Вовсю сияло солнце. «Наверное, шесть, а то и семь часов», — подумал Срмен, решительно направляясь через церковный двор — задами они выйдут к южной части села, а уж оттуда — к мельнице. Рядом с ним шел крестьянин, говоривший про лес, потом остальные. Толкаясь, протискивались они в ворота, некоторые перелезали через заборы и все шли и шли, забирая по пути всех, кто не был в церкви, и тем замедляя свое движение. Последний двор уже не смог вместить разросшуюся толпу. Срмен посмотрел в сторону леса: тот начинался сразу за полем и был такой редкий, будто по нему прошлись исполинским топором. Внизу мельница, справа от нее лес. А еще правее, на взгорке, горел желтый приземистый дом Синадиноских. Сердце его сжалось от боли. Внезапно взгляд его зацепился за что-то непривычное — белые сугробы. «Овцы», — догадался Срмен и отвернулся. Люди застыли в ожидании.
— Видите это поле? — крикнул он им. — Бегите к лесу. Бегите пригнувшись. Они будут стрелять, а вы все равно бегите. За мной! — И Срмен Чадловский побежал. Он слышал за собой топот множества ног, слышал тяжкое дыхание людей и радовался тому, что не стреляют. Срмен бежал впереди с винтовкой в руке, готовый ответить на огонь.
Первые выстрелы раздались, когда они пробежали полпути. Стреляли из леса, поле огласилось криками и визгом. Срмен знал, что будут остервенело стрелять, знал, что без жертв не обойтись, и тем не менее каждый вскрик больно отзывался в его сердце. Но останавливаться нельзя. Он верно рассчитал: там, где лес пореже, засады нет. Здесь, конечно, тоже стреляют, но не так, как наверху. Вдруг Срмен увидел, как над землей поднялись две фигуры и стали почти в упор стрелять по бегущим. Срмен вскинул винтовку и трижды нажал на спуск. Стрелявший упал, но второй продолжал стрелять. Срмен снова поднял винтовку и не удержал — такой она стала тяжелой. Острой болью обожгло живот, руки повисли как плети, и он упал, но у него хватило еще сил подняться на колени. Колонна приостановилась. Шедший рядом с ним мужчина склонился над ним, но Срмен закричал изо всех сил:
— Бегите, бегите!
Мужчина побежал, остальные бросились за ним. Срмен опустил голову и сцепил зубы: боль от живота расползлась по всему телу, разнося сухой, колючий жар. Люди бежали, задевая его и переступая через него, а он только шептал:
— Бегите, бегите!
Как долго они бегут! Сердце его вздрагивало каждый раз вместе с глухими ударами падавших тел.
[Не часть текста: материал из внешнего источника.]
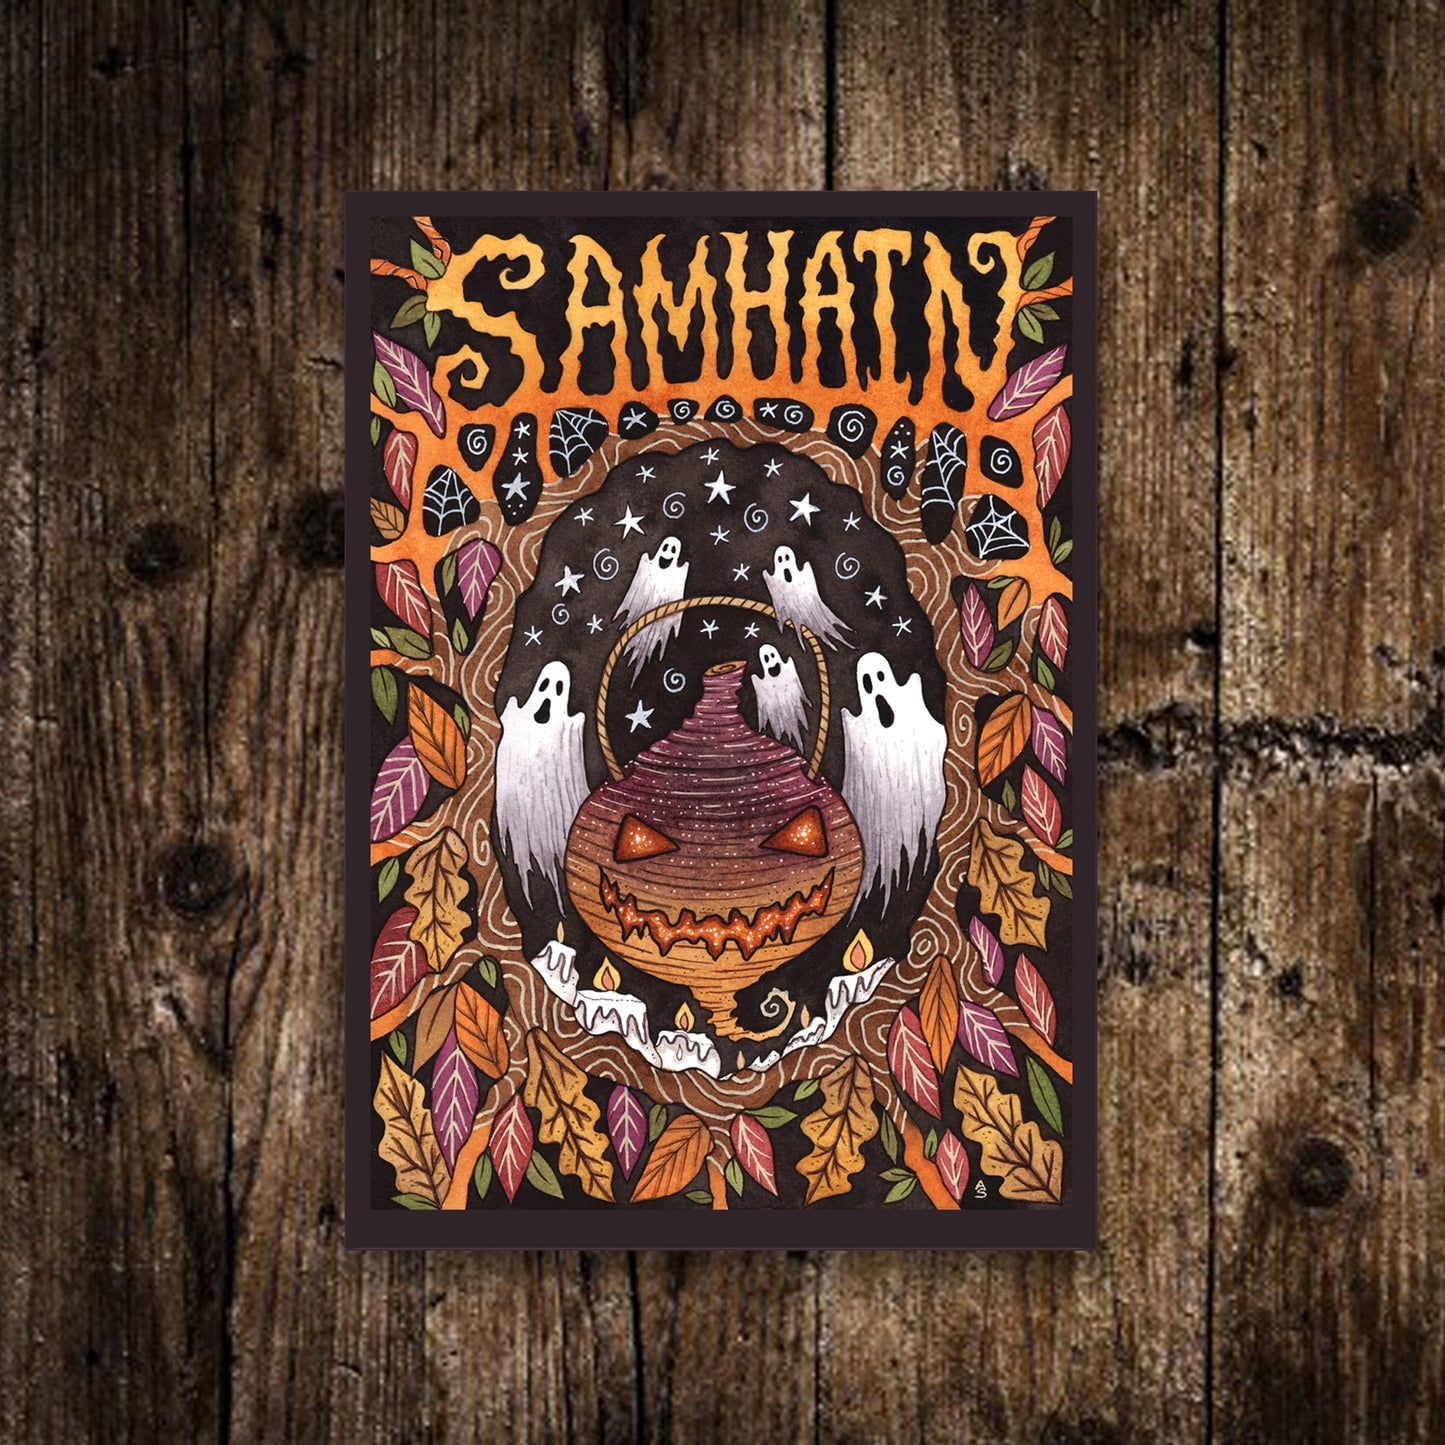 Mini Samhain Print - Small A6 Pagan Halloween Turnip Jack O Lantern Illustration - Spooky Halloween All Hallows' Eve Autumn Leaves Postcard Art
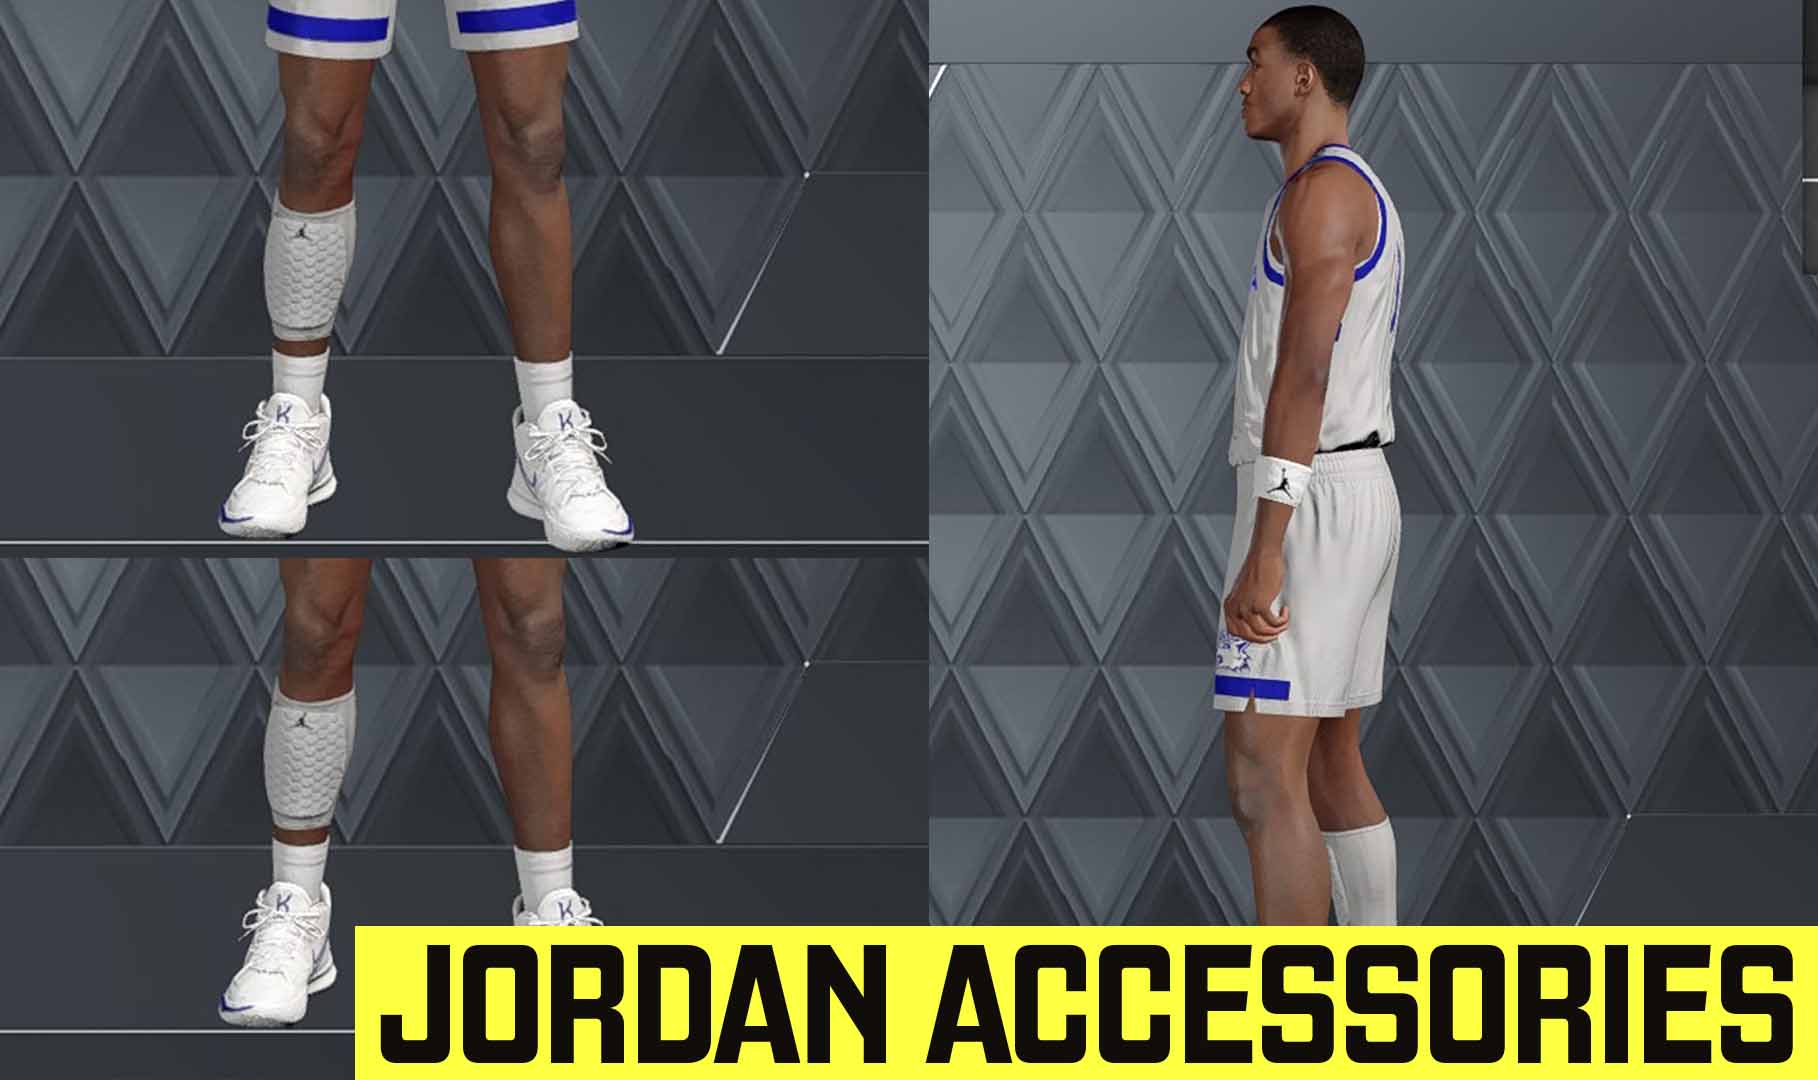 Jordan, Accessories

Баллист без передышки стрелял по крестьянам, испытывая мрачное удовольствие, когда кто-нибудь падал. Но не сразить ему всех. Бегущие люди уже совсем близко, и он не успевает зарядить винтовку. Влекомые жаждою жизни, люди надвигаются на него, сбивают с ног и, перекатившись через него вздыбленной волной, яростно набрасываются на других. Разъяренные люди бьют, душат, норовя разорвать на части, мстя за все — за убитых, за свои сожженные дома, за истребленную скотину, за почерневшее в дыму пожаров солнце и за это святое воскресенье, омраченное смертью и печалью. А когда из-за деревьев раздались выстрелы, люди, подхватив вражеское оружие, устремились в гущу леса.
Срмен видел, как крестьяне добежали до лесной прогалины. Отчего они замешкались? Он обернулся — с десяток трупов отмечали путь, пройденный людьми. Близ него лежала женщина с детьми. Боль уже заполнила тело. Видно, и ему лежать на этом поле. Клубы дыма скрыли солнце, но Срмен знает, что оно прямо над ним. Собрав последние силы, он взял свою винтовку, поднялся и, спотыкаясь, пошел за людьми. «Там змеи, — думал он, стараясь не выронить винтовки. — Они жалят коз и иссушают жеденскую землю». И Срмен шел освободить мир от змей и прочей нечисти, так расплодившейся в последнее время.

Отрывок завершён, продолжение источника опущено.